**Assignment**
Transcribe the data in full and exactly, omitting any pictures.

**Provided material**
****************

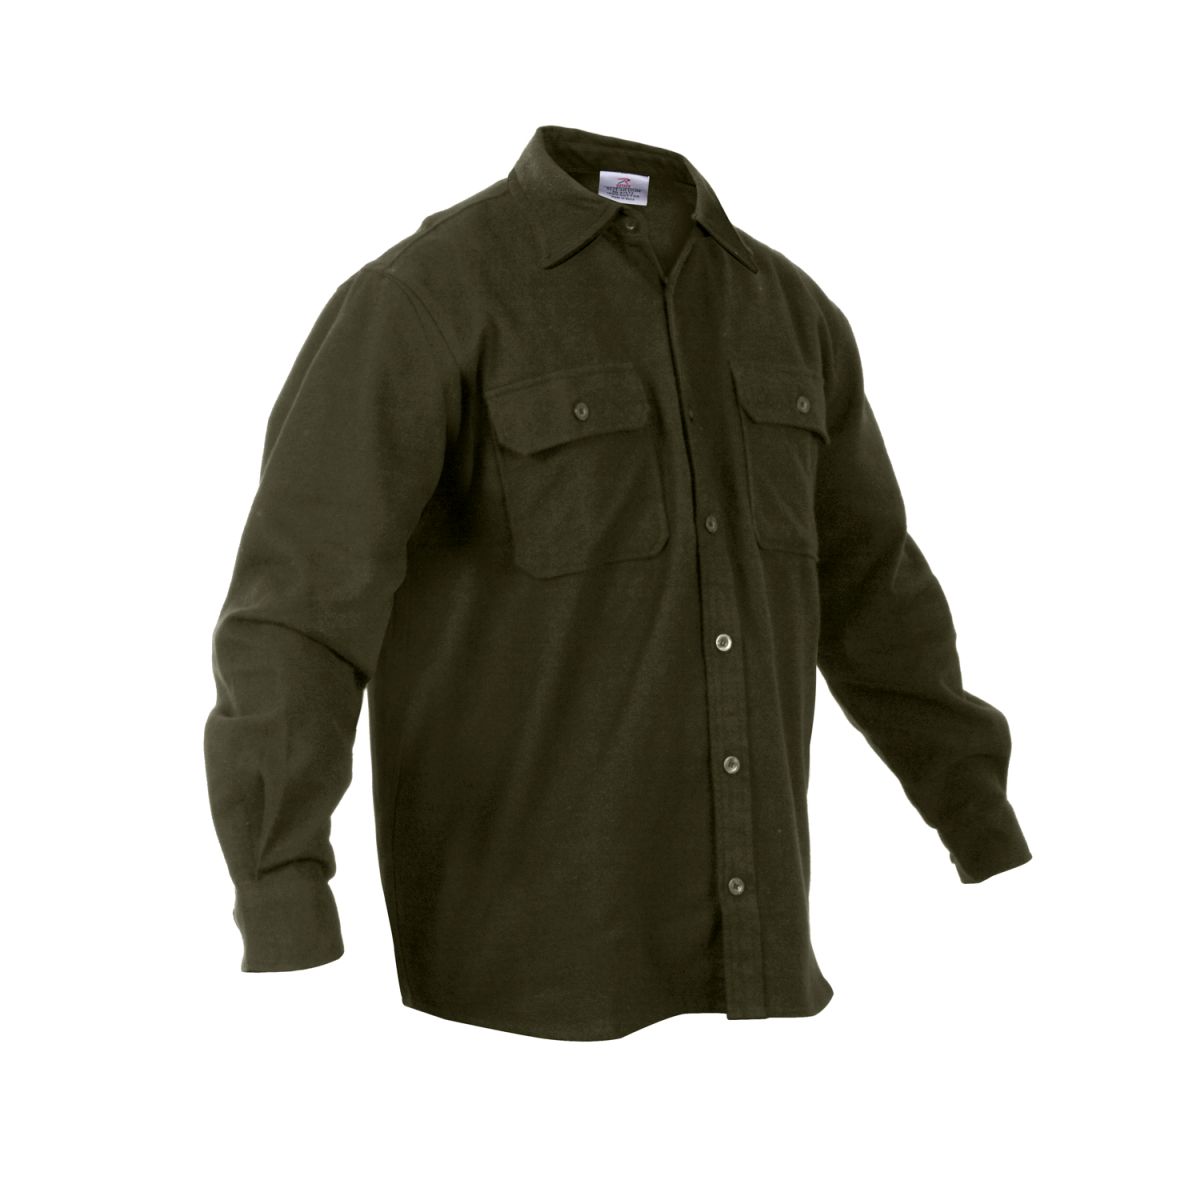 Lumberjack plaid shirt FLANNEL OLIVE ROTHCO 4669 L-11
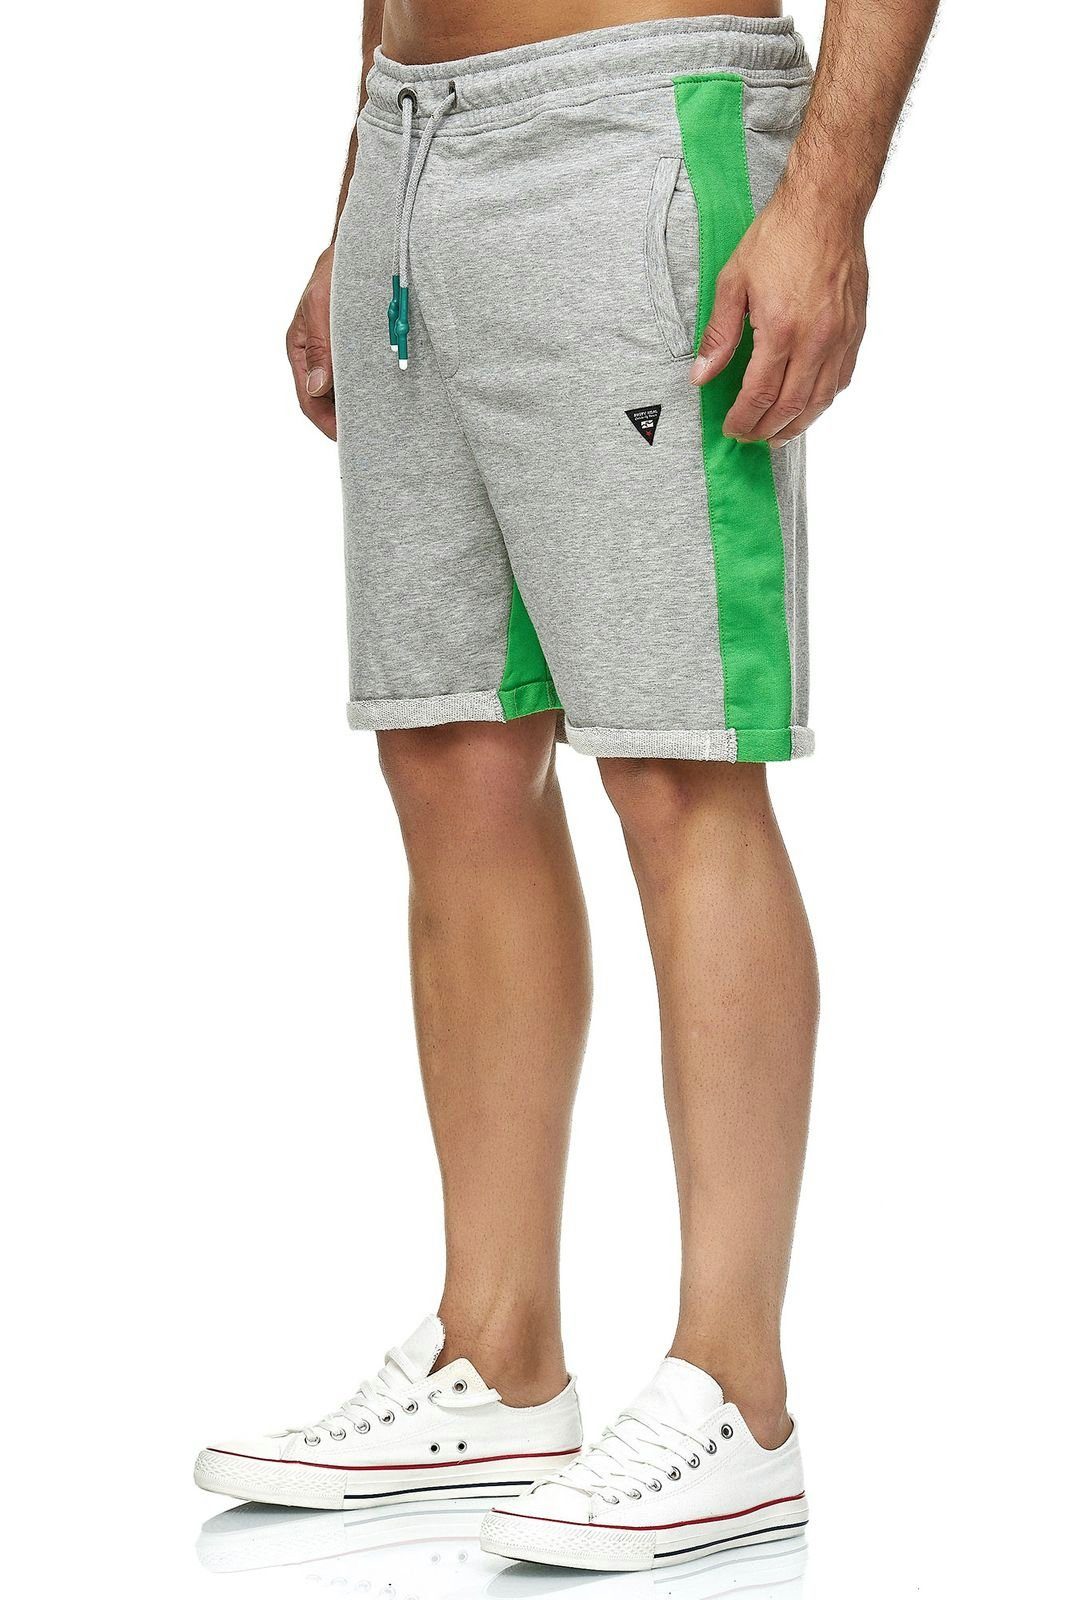 Shorts mit bequemem grau, Rusty Neal Tragekomfort grün
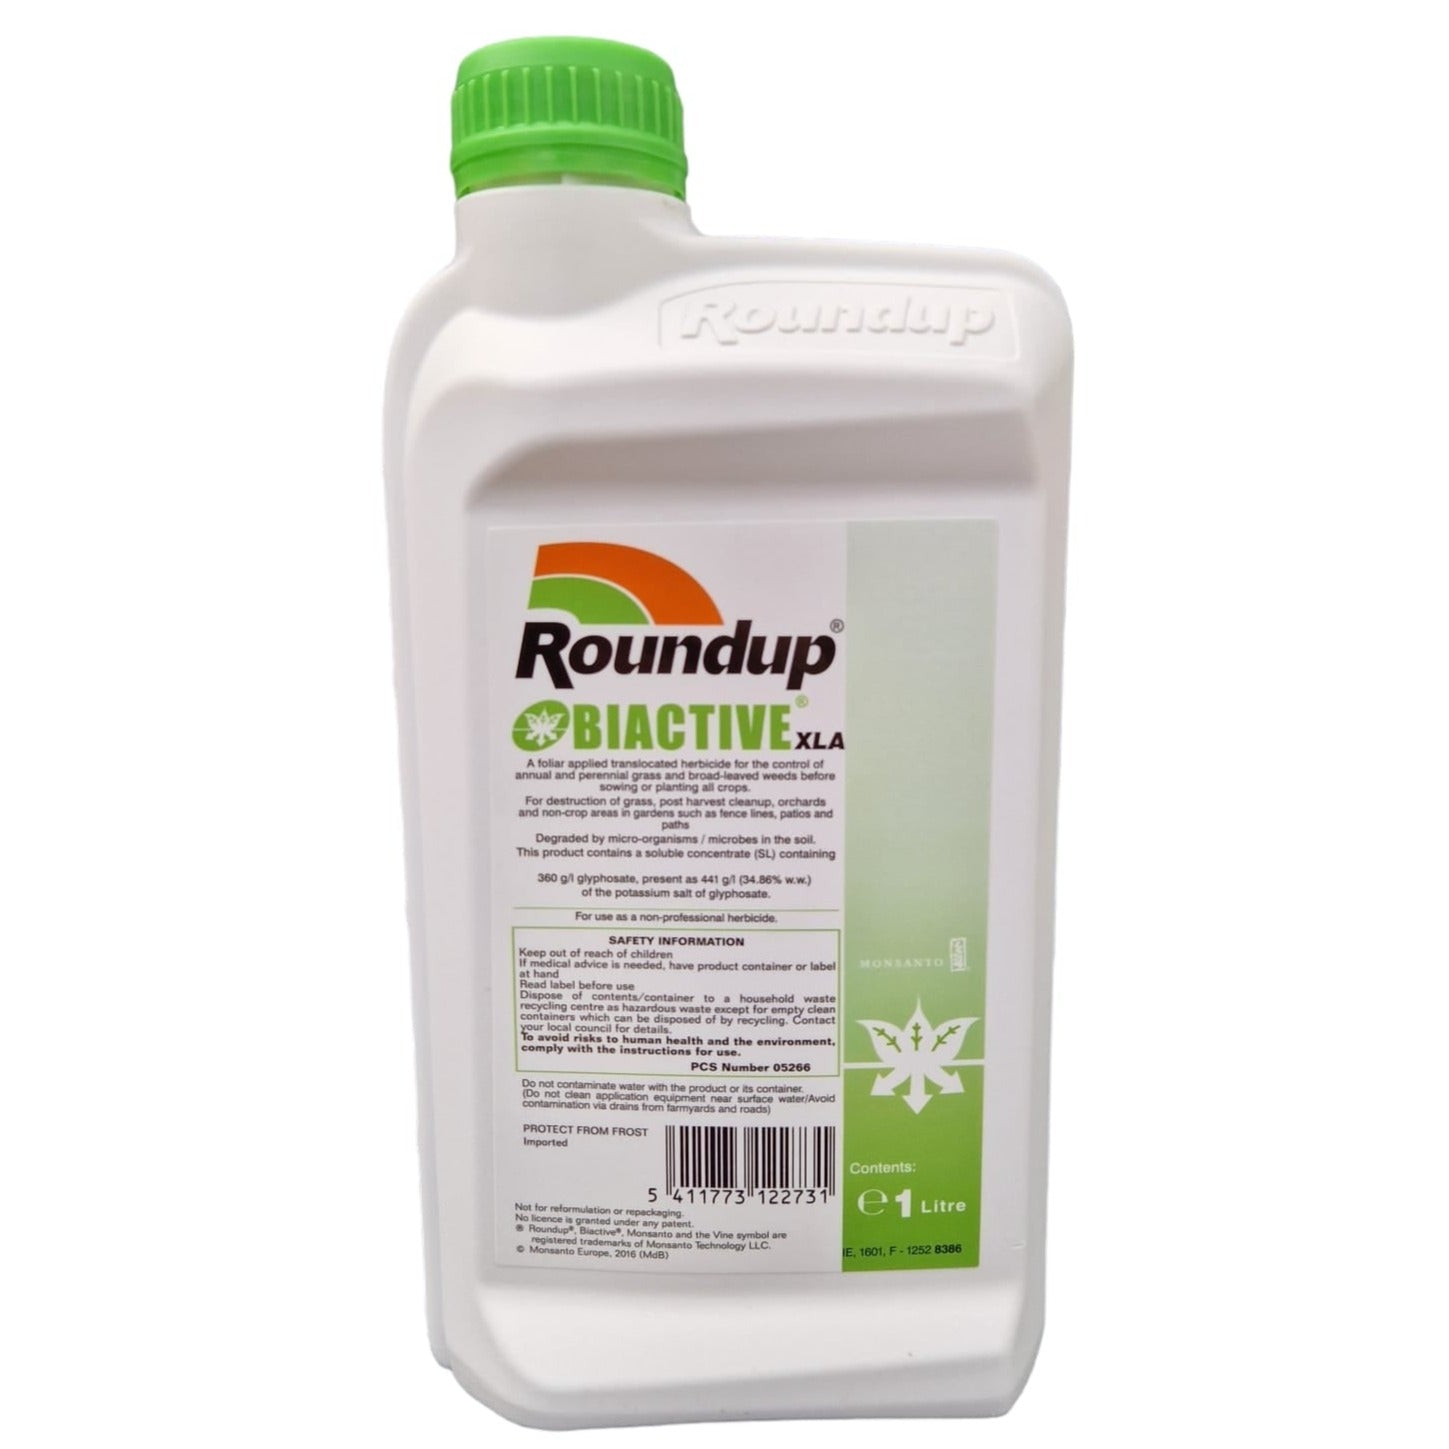 Roundup Bioactive XLA 1L

****************

**Written response**
 Lumberjack plaid shirt FLANNEL OLIVE ROTHCO 4669 L-11
 Shorts mit bequemem grau, Rusty Neal Tragekomfort grün
 Roundup Bioactive XLA 1L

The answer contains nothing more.